For starters, your degree is worthless (“What Do You Do With a B.A. in English?”), there’s no such thing as a colorblind society (“Everyone’s a Little Bit Racist”), and peaceful coexistence is a myth (“The more you love someone,” one song opines, “the more you want to kill them”).
In his new neighborhood, recent grad Princeton (Heathcliff Saunders) discovers that people interact with magical felt creatures (controlled by cast members who may or may not be voicing their characters). In this purgatory, a parallel world to Sesame Street, Gary Coleman of Diff’rent Strokes (Rashawn Scott) has been reduced to being the building’s super after his parents absconded with all that Hollywood cash.
Sharing the tenement are an aspiring comic (Danny Kam), his Asian fianceé Christmas Eve (Diana Huey), a closeted Republican and his straight roomie (Justin Huertas and Brian Lange), a hermetic monster addicted to the Internet (Robert Scherzer), and a kindergarten teaching assistant named Kate Monster (Kirsten deLohr Helland). In this blessedly musical romp, the songs move the scant love story along.
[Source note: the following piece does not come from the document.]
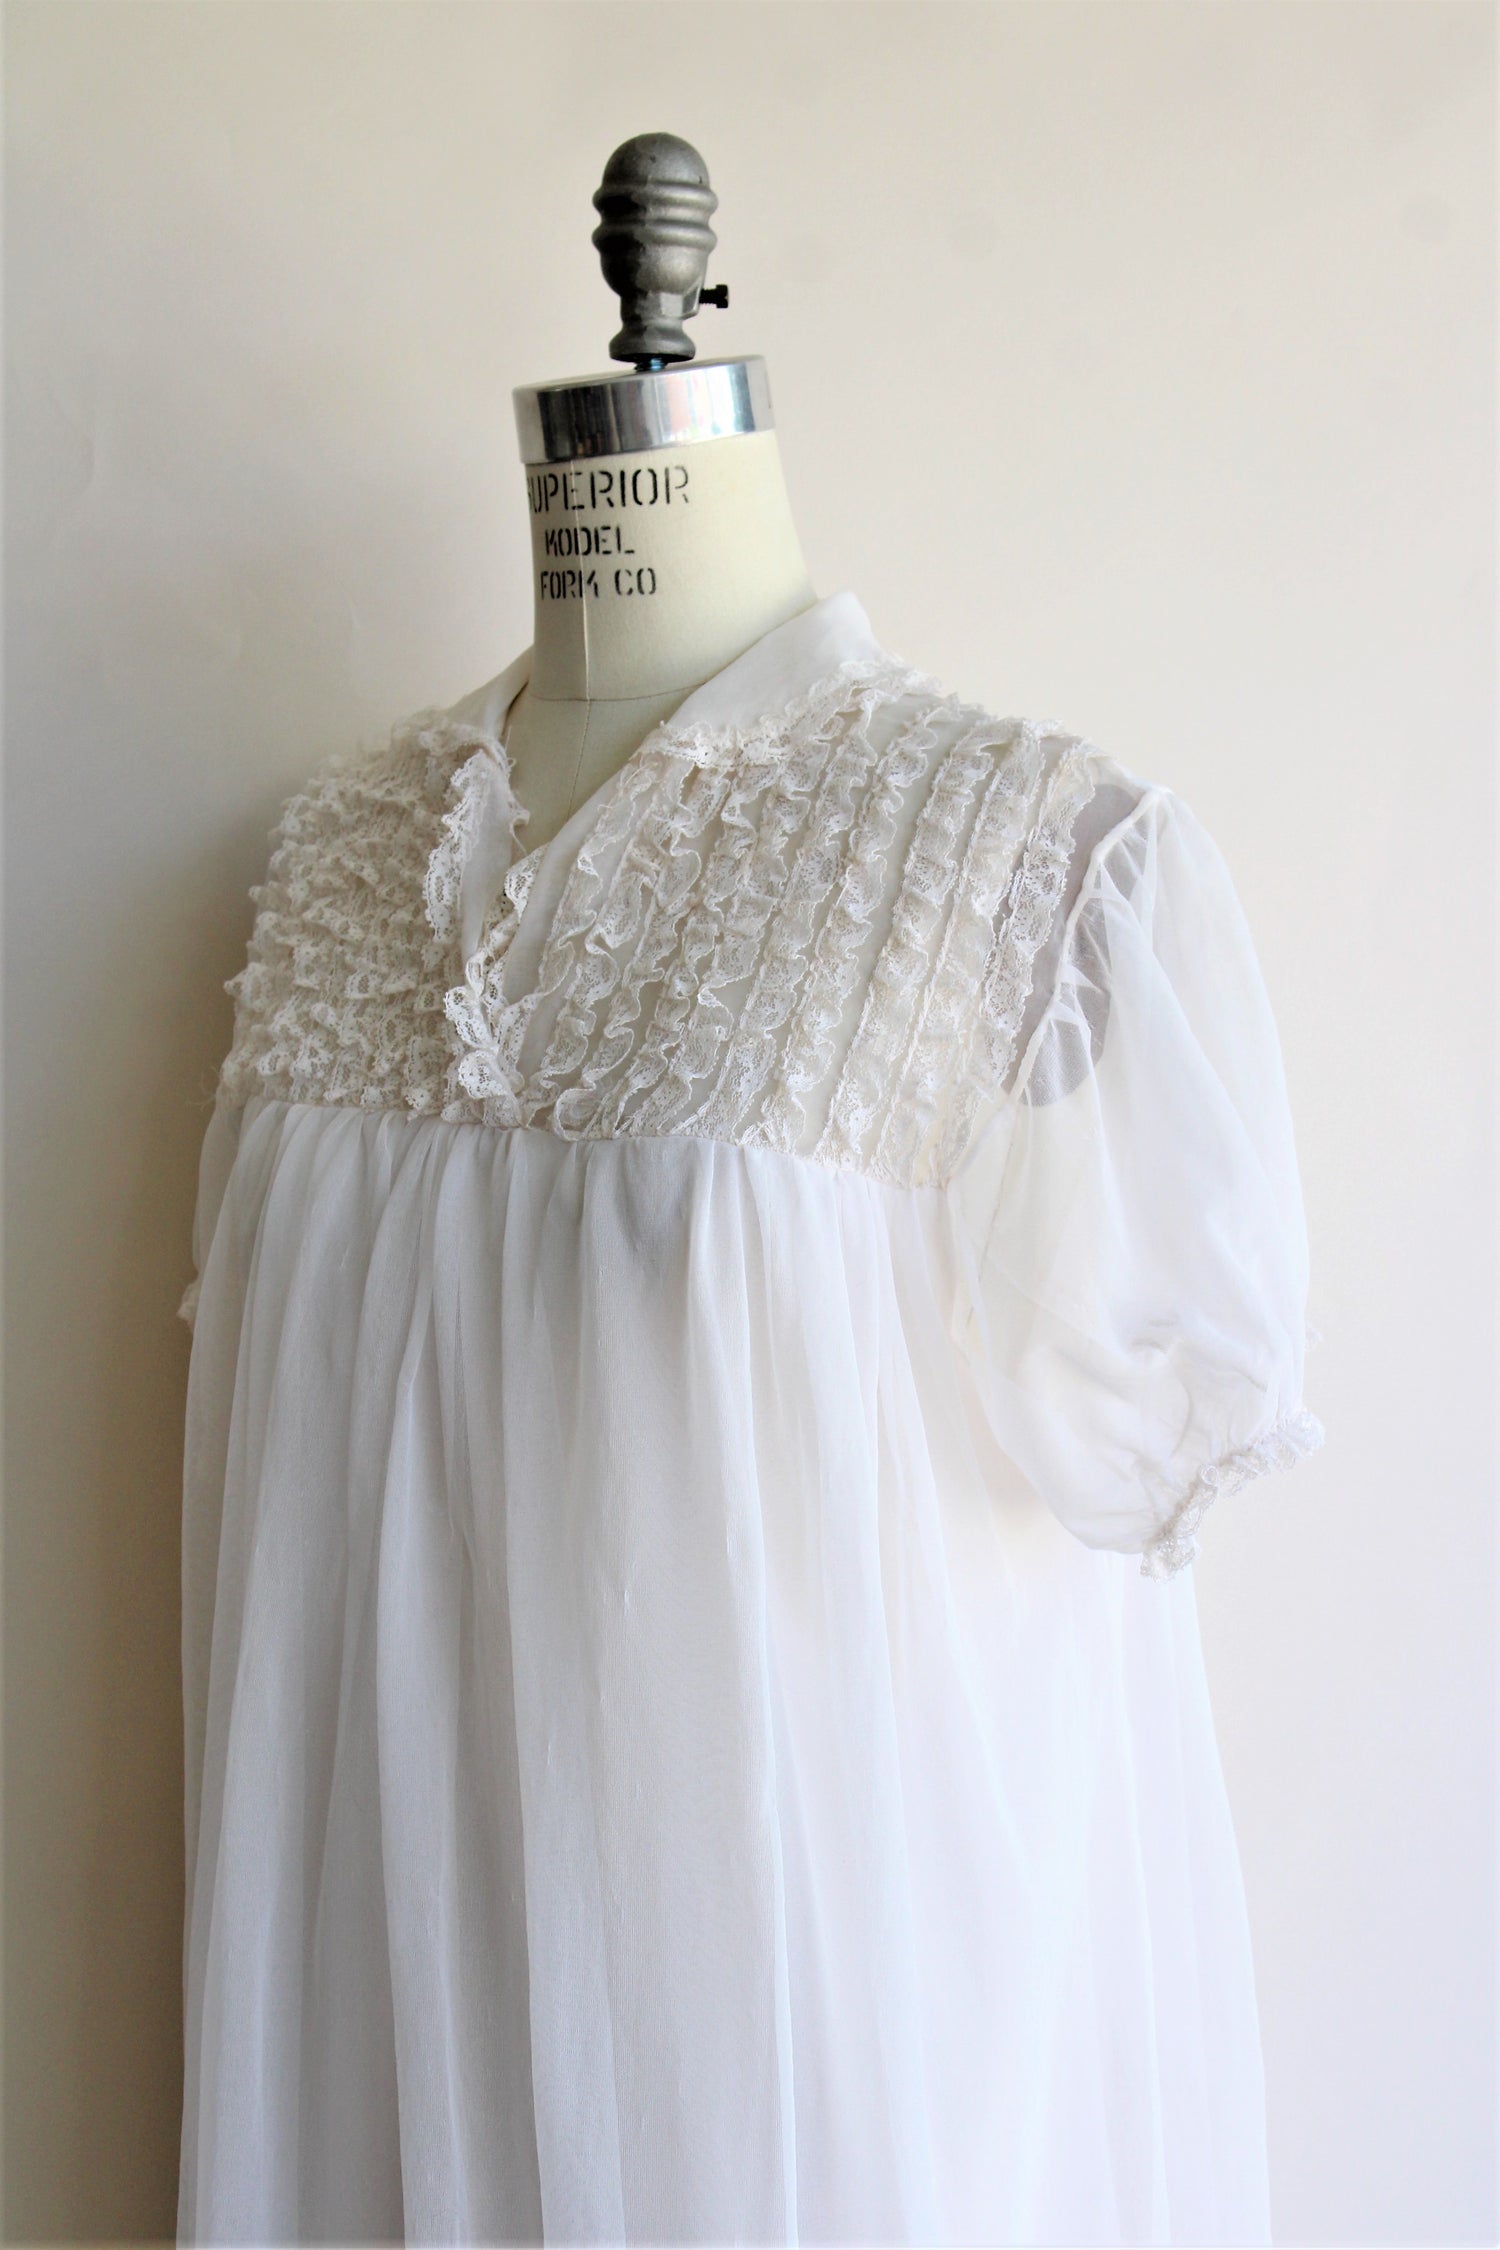 Vintage 1960s White Babydoll Nightie with Lace Trim#N# – Toadstool Farm ...

Princeton falls for Lucy the Slut (Kate Jaeger), while Kate falls afoul of her teaching mentor Mrs. Thistletwat (Jaeger again) after a night of binge drinking and hot puppet sex. (Is there any other kind?)
Director Eric Ankrim has polished the performances to a sparkling sheen, so that even when the show isn’t funny, it’s surprisingly tender and tuneful (thanks to composers Robert Lopez and Jeff Marx; Jeff Whitty wrote the book). Years ago in Vegas, we took my 70- something mother-in-law to Avenue Q, not really knowing what to expect. We knew it wasn’t for kids, but did she? At first, she sat stonily with jaw clenched. But when I looked more closely, her eyes were twinkling with delight. She was forcing herself not to laugh, because well-mannered ladies aren’t supposed to go in for such bawdy fare. Avenue Q will defy you not to like it. And it will win.